An Israeli official, speaking on condition of anonymity to discuss confidential talks, said Netanyahu continues to pursue alternatives to a gas pipeline to Turkey, and will meet in January with the leaders of Cyprus and Greece, who have expressed interest in building a fuel conduit to Europe running through their waters.

Infrastructure Projects

Turkey is already pressing ahead with infrastructure projects that would be key to any gas imports from Israel and Cyprus. It recently announced incentives to build the kind of storage facilities that would be key to serving a gas hub. It’s also planning to build a liquefied natural gas terminal on the Mediterranean coast, the energy official said.

The location of the proposed storage site is the southern town of Tarsus near the Mediterranean coast, a likely entry point of any gas pipeline from Israel, according to Matthew Bryza, a non-executive board member at Turcas Petrol AS, a Turkish company that would be interested in helping to build an underwater pipeline from Israel.

Any pipeline would have to cross the exclusive economic zone of Cyprus, which makes resolution of the Cyprus conflict key to any gas project, Bryza said.

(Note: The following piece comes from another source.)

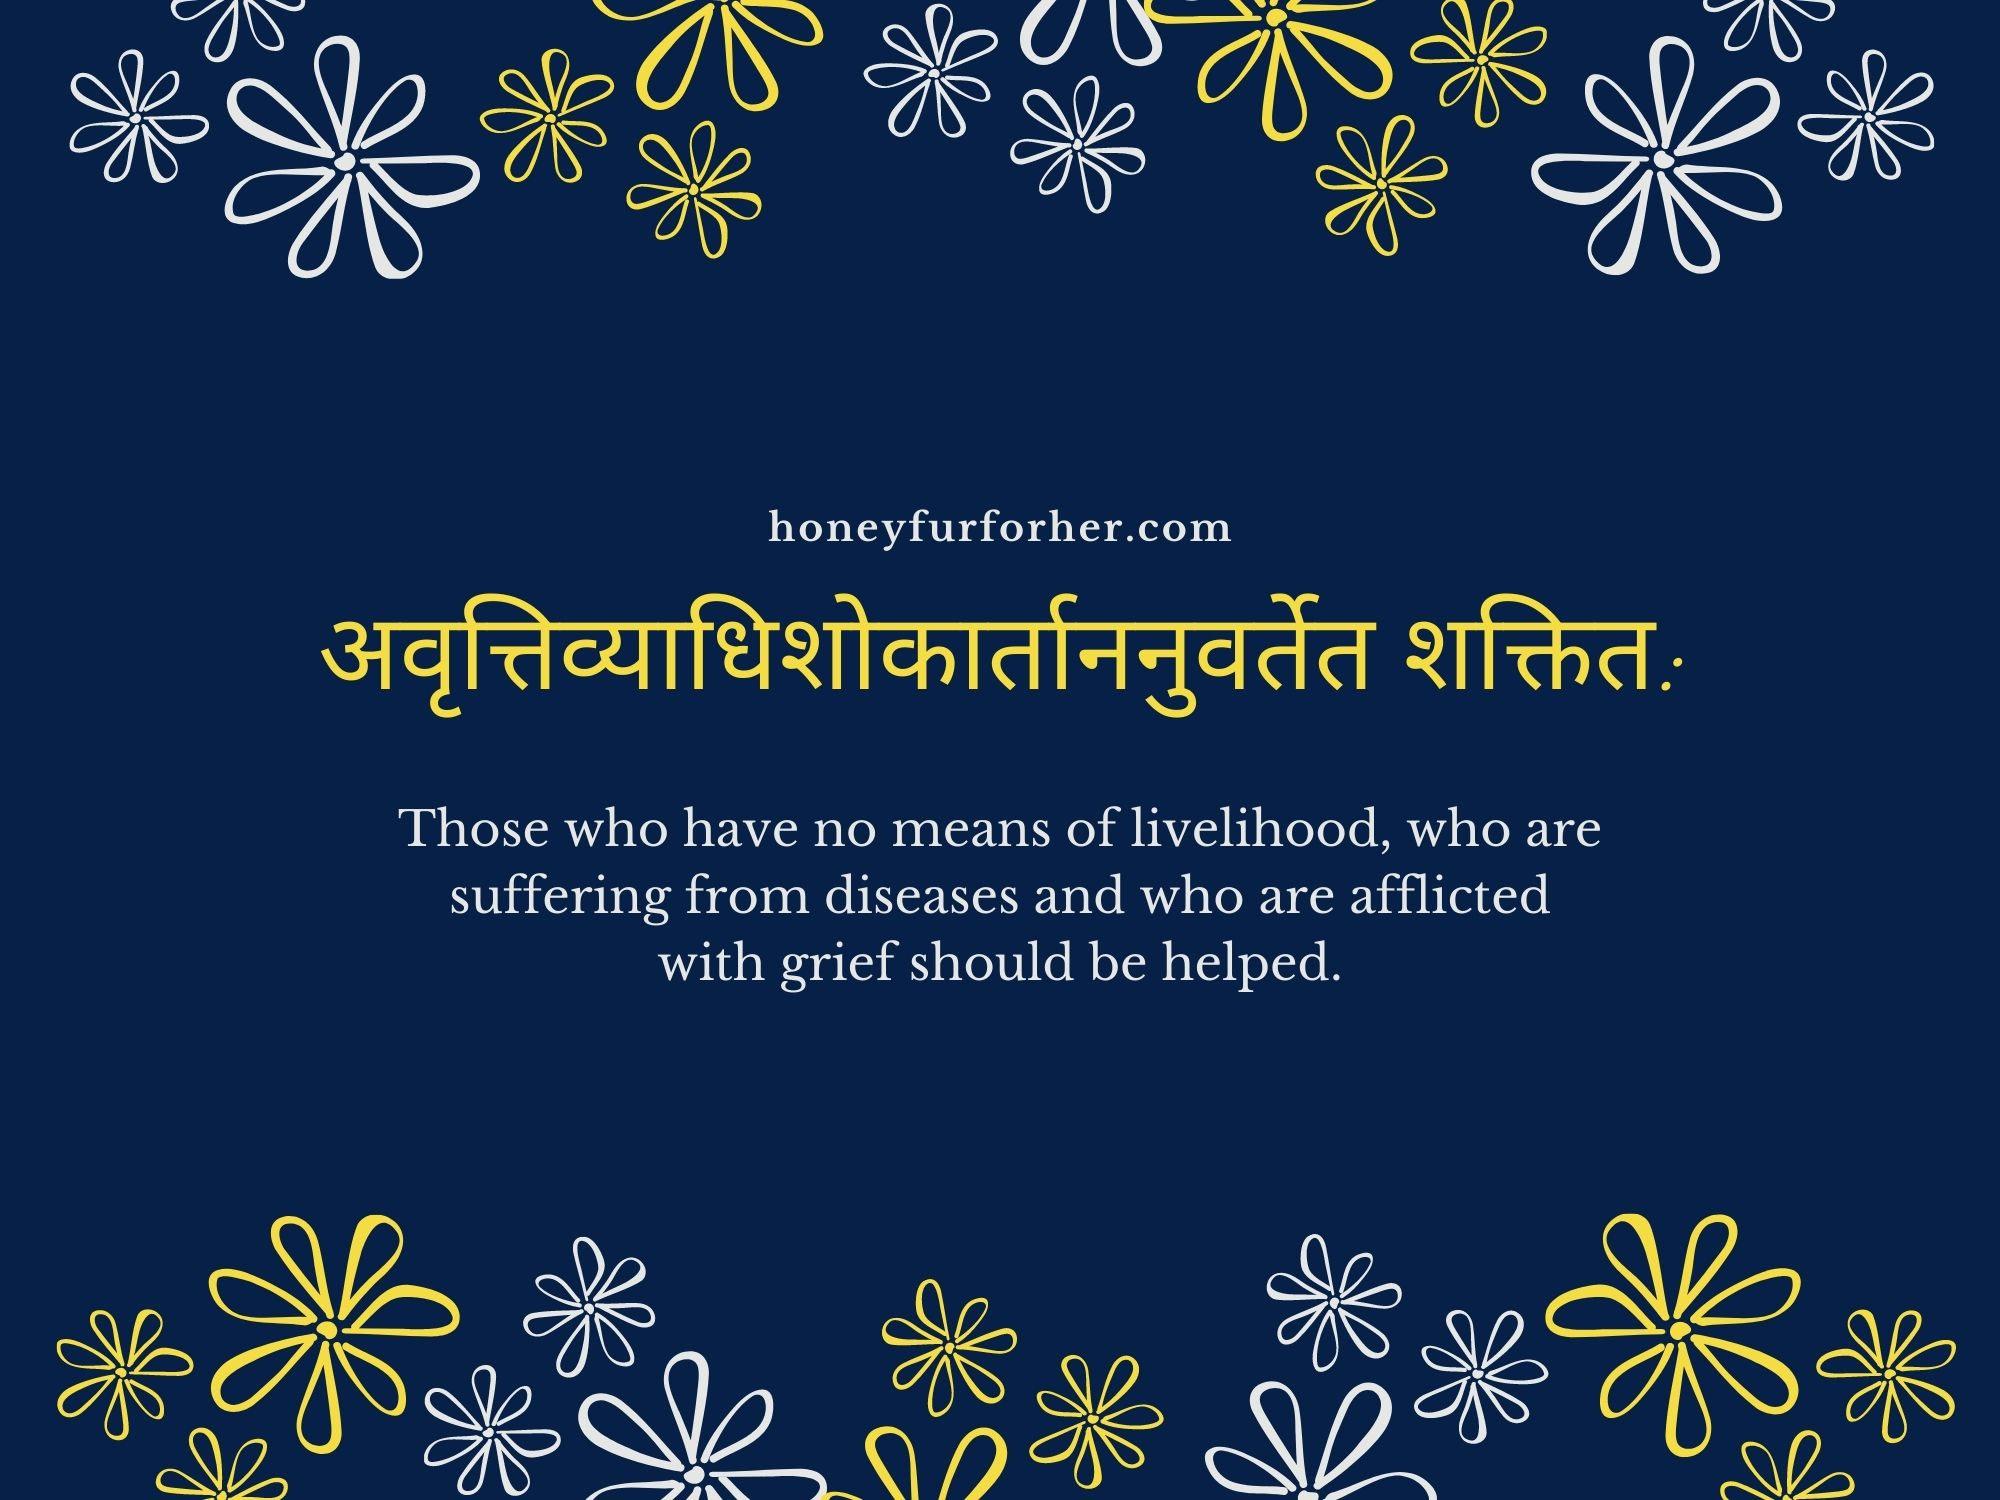 Ayurveda Quotes - Help To The Weak

If talks to unify the island’s Turkish north and Greek south succeed, Cypriot gas can be fed into the same pipeline and shipped to Turkey for consumption there or delivery elsewhere in Europe, he said.

“Political dynamics of this project are aligning,” Bryza said in a Dec. 10 phone interview. “The biggest natural gas market in the region that is credit-worthy is Turkey.”